### [EXERCISE INSTRUCTIONS]
A faithful copy of the data, pictures omitted, is the required answer.

### [DATASET SECTION]
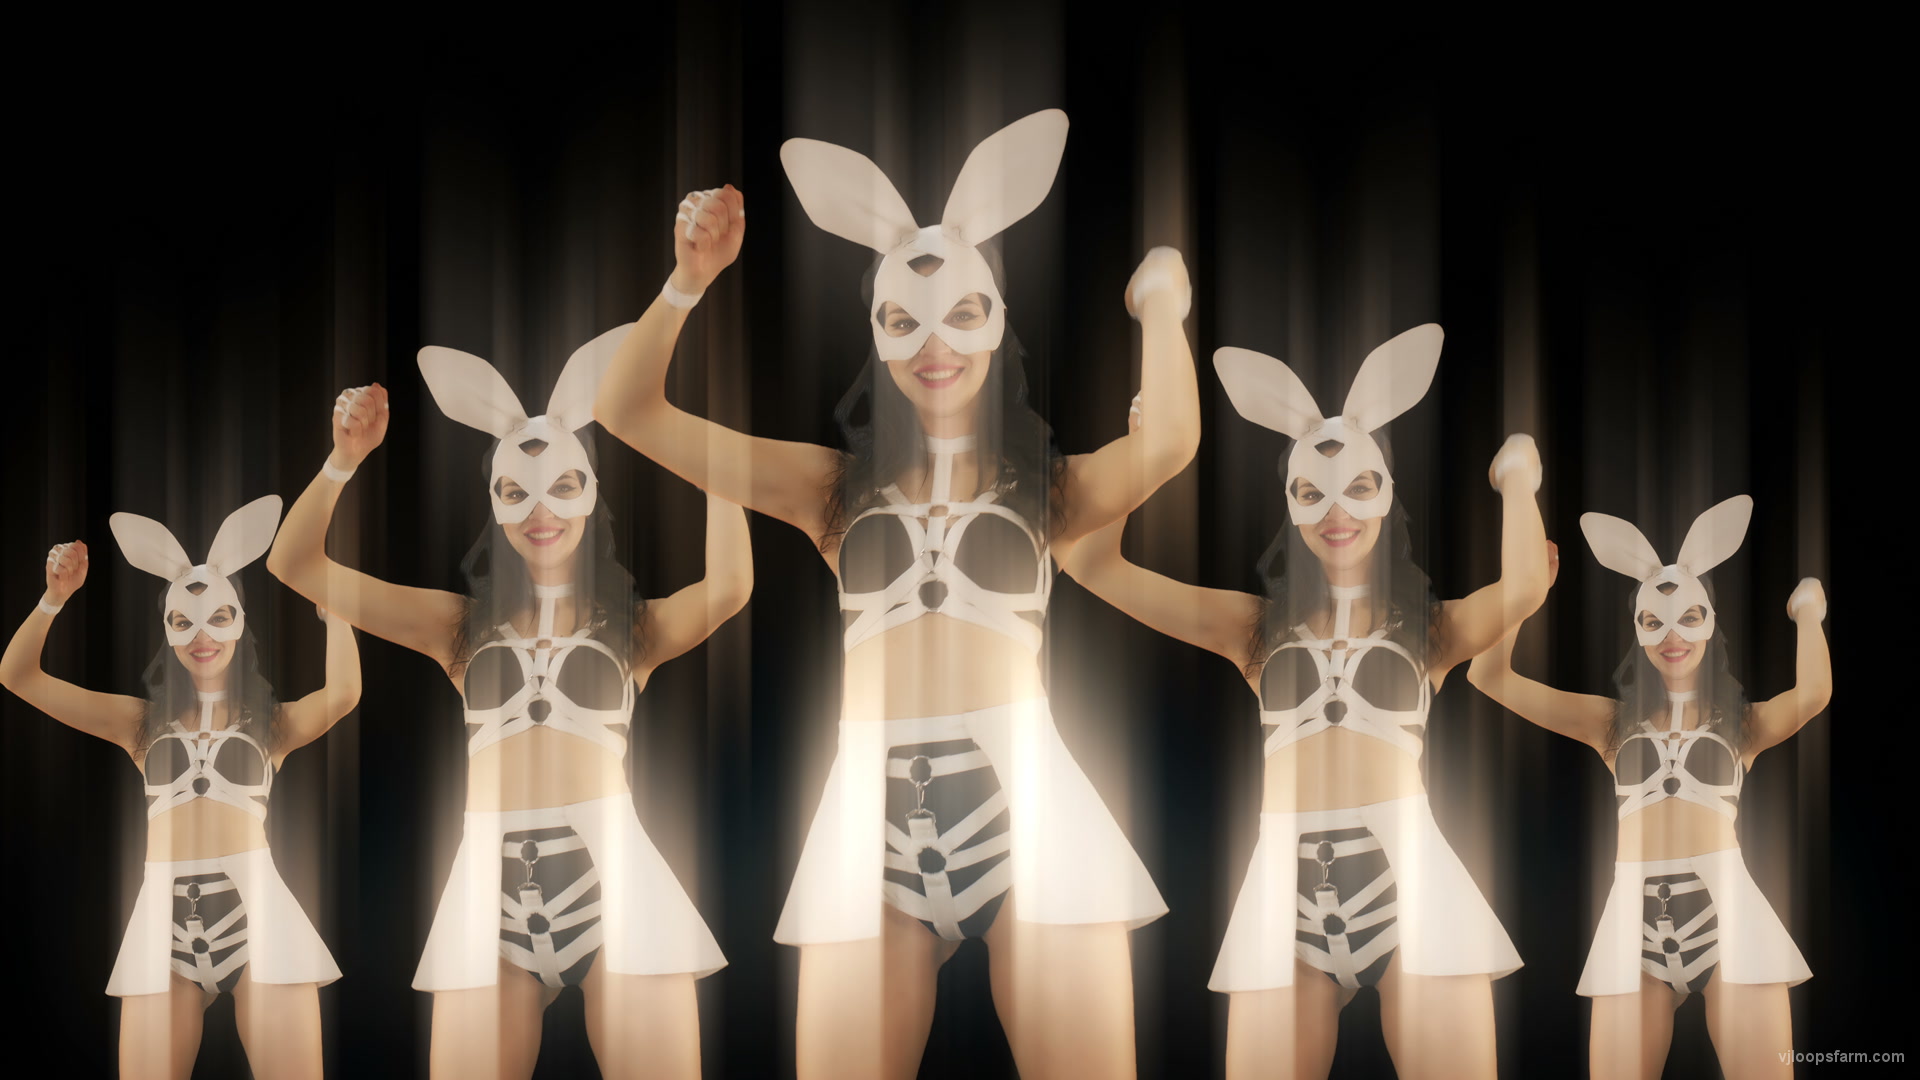 Bunny Girls Team Power Fist Beat Kombat 4K Video Art VJ Loop
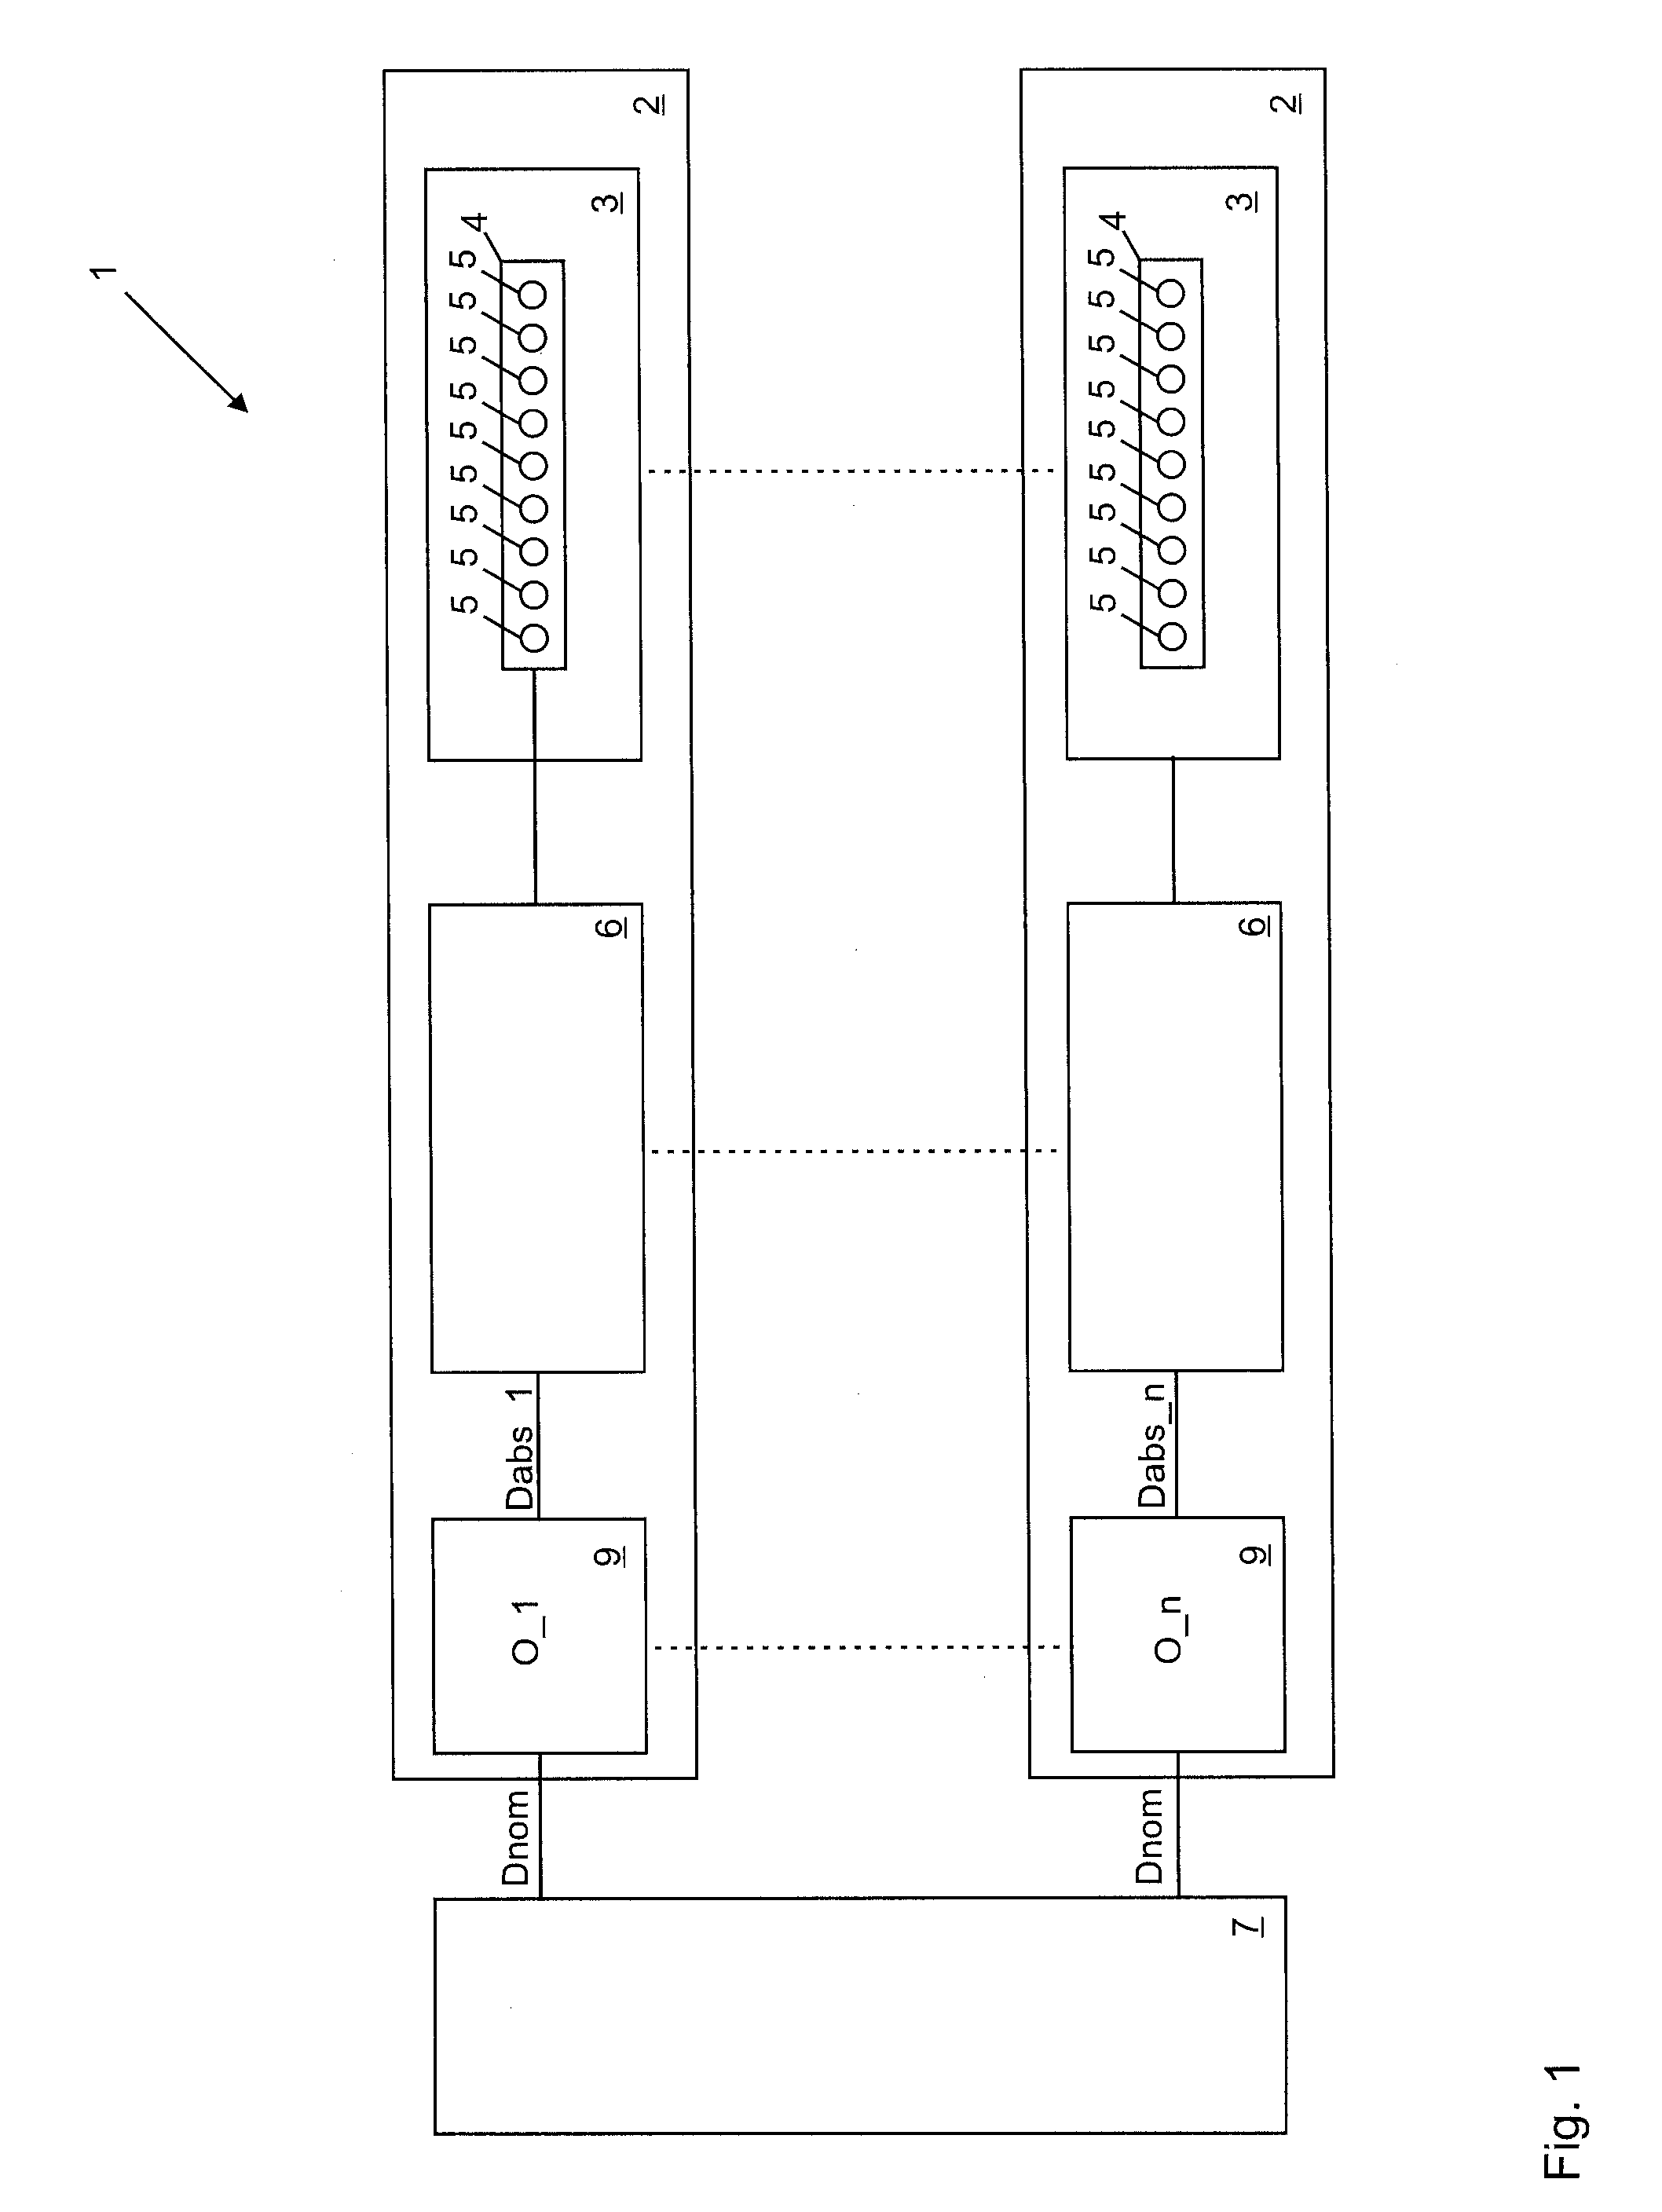 Illumination apparatus and method for operating the illumination apparatus in a dim mode
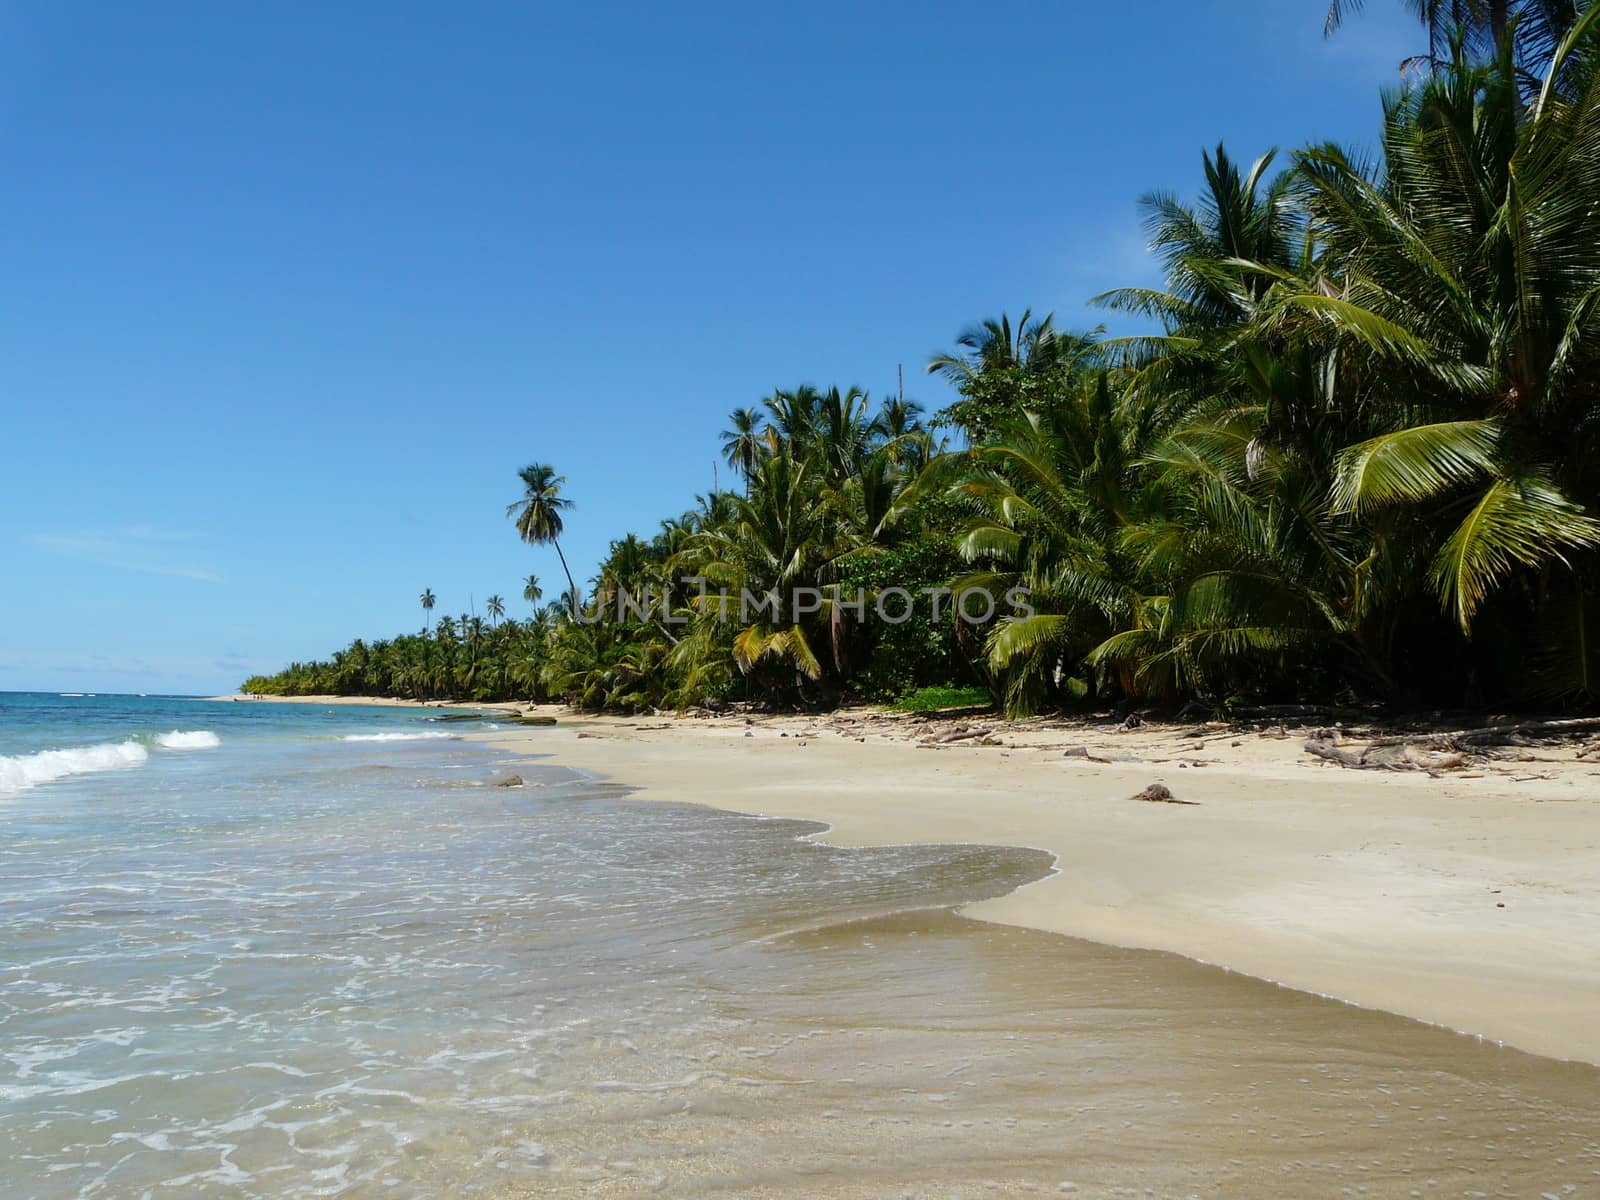 Coconuts trees on the beach,Caribbean, Punta Uva, Costa Rica

### [ANSWER TO THIS TASK]
 Bunny Girls Team Power Fist Beat Kombat 4K Video Art VJ Loop
 Illumination apparatus and method for operating the illumination apparatus in a dim mode
 Coconuts trees on the beach,Caribbean, Punta Uva, Costa Rica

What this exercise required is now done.